New favorite pizza alert!

This cast iron skillet pizza is topped with paper-thin potatoes, fresh chives, plenty of grated gruyère and a simple arugula salad tossed with lemon and shaved Parmesan.
It might sound unusual — potatoes on pizza — but it works beautifully. The combination of crisp edges, tender potato, nutty gruyère and peppery arugula is unexpectedly perfect.

While this isn’t an everyday weeknight pizza for most families, it’s special enough for a weekend dinner or when you want something a little elevated. The textures and flavors come together in a way that’s both comforting and elegant.

This is how I make it
Any pizza dough will work, though I especially like sourdough or my classic pizza dough for this. A cast iron skillet gives the crust a quick crisp and a slightly charred, wood-fired quality.

Start by thinly slicing the potatoes — a mandolin makes this easy and ensures the slices are almost paper-thin, which is key for crisping. After slicing, soak the potatoes in ice water for 20–30 minutes to remove excess starch; this helps them get crisp in the oven.
When ready, pat the potato slices dry, toss with a drizzle of olive oil, a generous pinch of kosher salt and pepper, and stir in chopped chives. Seasoning the potatoes well at this stage builds flavor between the layers.

To assemble: sprinkle some grated gruyère over the dough, arrange a single even layer of the potato slices, then finish with the remaining gruyère. Heat a 10- or 12-inch cast iron skillet for several minutes over medium before adding dough and a tablespoon of olive oil to coat the pan. After the dough starts to bubble on the stovetop, transfer the skillet to the oven and broil a few minutes until the cheese is golden and bubbly — watch it closely, as broilers vary and it can brown quickly.
When the pizza comes out of the oven, let it rest for a few minutes. Toss baby arugula with fresh lemon juice, a touch of olive oil, salt, pepper and the shaved Parmesan. Pile the salad on top of the pizza, slice and serve.
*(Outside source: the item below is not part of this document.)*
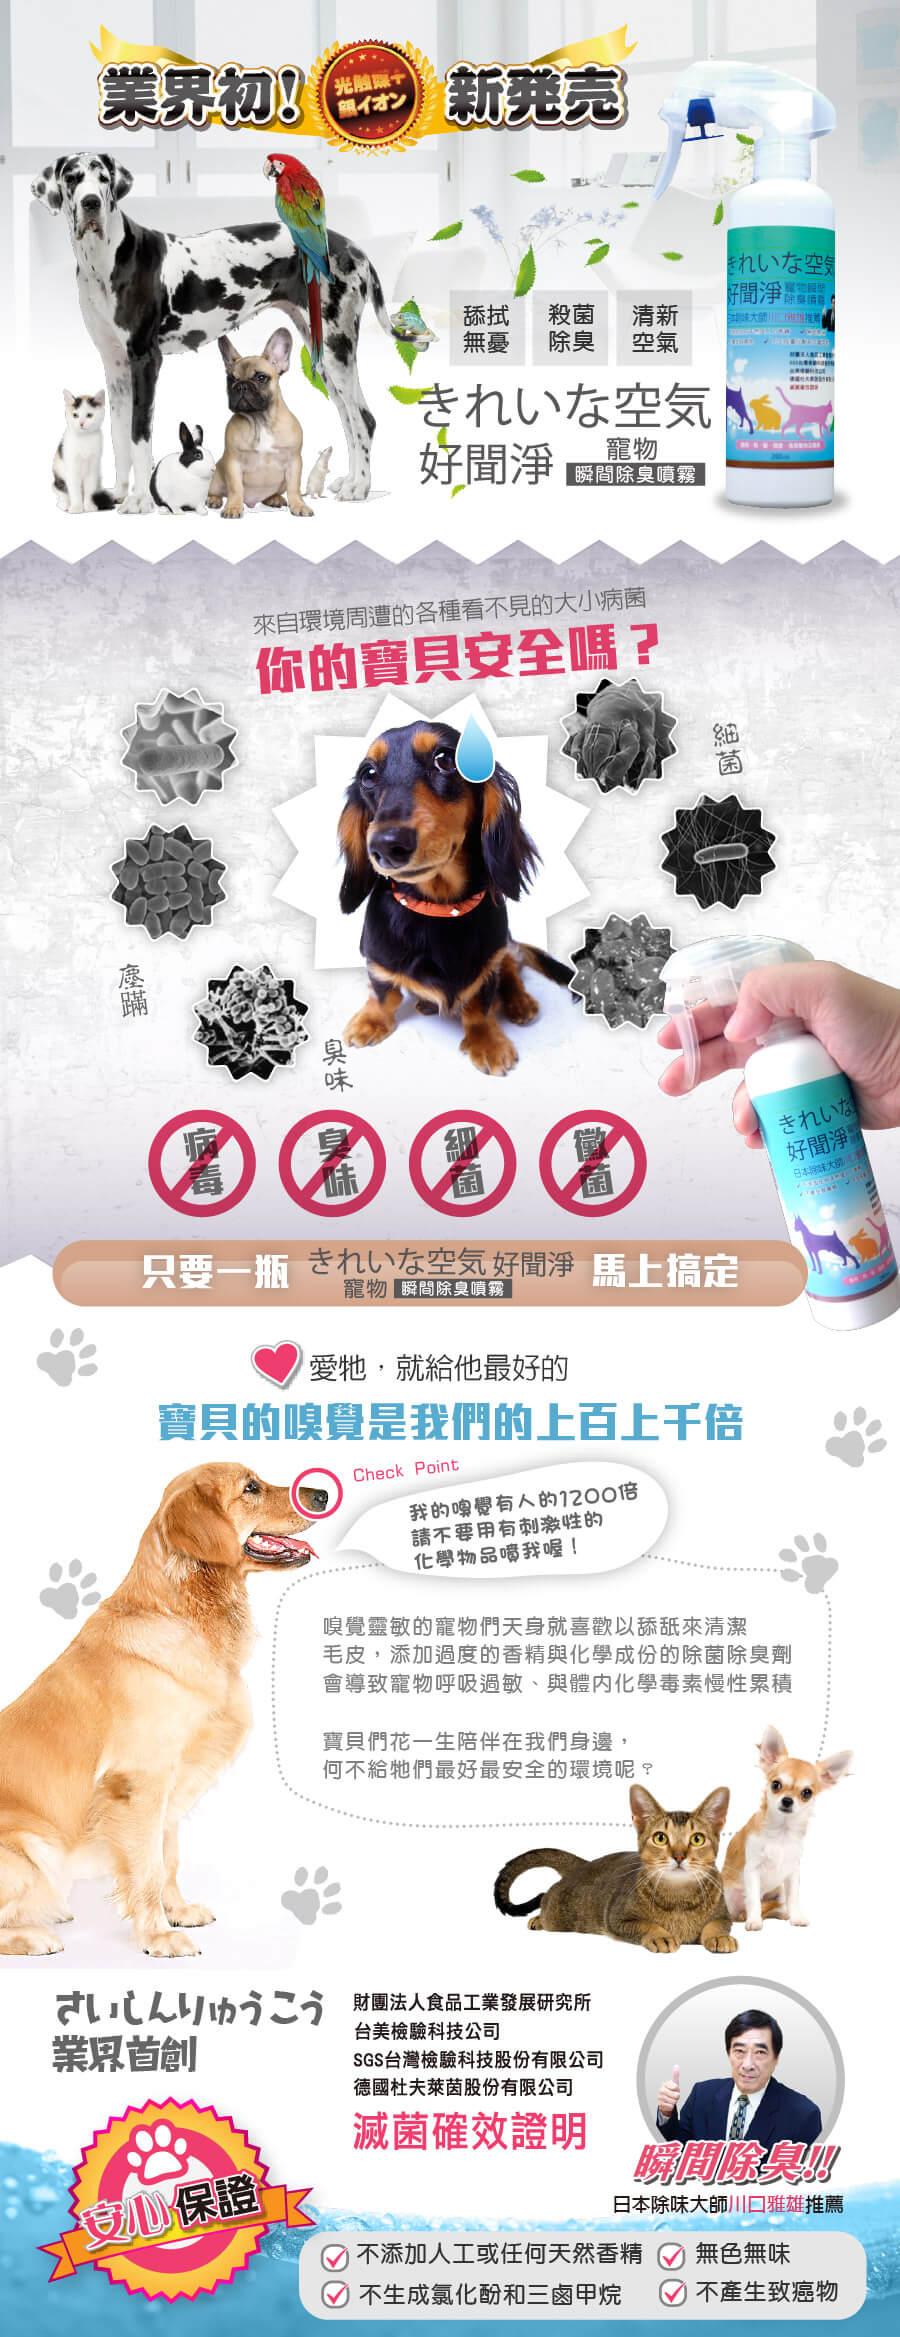 寵物瞬間除臭噴劑-產品說明-01

Crispy Potato Pizza with Gruyère & Arugula
Crispy Potato & Gruyère Pizza with Arugula
Ingredients
Dough
- 1 cup warm water
- 3 teaspoons active dry yeast
- 1 tablespoon honey
- 1 tablespoon olive oil
- 2 ½ cups all-purpose flour
- 1 teaspoon salt
- Flour and/or coarse cornmeal for dusting
Pizza
- 8 petite gold potatoes
- 2 tablespoons olive oil (plus 1–2 tsp for salad)
- Kosher salt and pepper
- 2–3 tablespoons chopped chives
- 1 ½ cups freshly grated gruyère cheese
- 6 cups baby arugula
- Juice of ½ lemon
- ¼ cup shaved Parmesan
Instructions
- In a large bowl combine warm water, yeast, honey and olive oil. Let sit until foamy, about 10 minutes. Add flour and salt, stir to form a sticky dough. Work in the remaining ½ cup flour on a floured surface and knead a few minutes. Place dough in an oiled bowl, cover and let rise in a warm place for 1–1½ hours.
- While the dough rises, prepare toppings. Thinly slice potatoes on a mandolin and place in cold water for 20–30 minutes to remove starch.
- Drain and pat potato slices dry. Toss with 1–2 tablespoons olive oil, a big pinch of salt and pepper and the chives.
- Preheat a 10–12 inch cast iron skillet over medium heat for several minutes. Preheat the oven broiler on high with the rack in the center position.
- Punch down the dough, divide in half and use one half for this pizza (save the other half for later). Stretch or roll the dough into a circle to fit the skillet.
- Add 1 tablespoon olive oil to the preheated skillet to coat the bottom. Place the dough in the pan and cook 1–2 minutes until bubbling.
- Sprinkle a layer of grated gruyère on the dough, arrange a single even layer of potato slices, and top with the remaining gruyère.
- Place the skillet in the oven under the broiler and broil for 3–8 minutes, watching closely, until the cheese is golden and bubbly.
- Remove the pizza and let rest 5 minutes. Toss arugula with lemon juice, 1–2 teaspoons olive oil, salt, pepper and shaved Parmesan.
- Carefully remove the pizza from the skillet, top with the arugula salad, slice and serve.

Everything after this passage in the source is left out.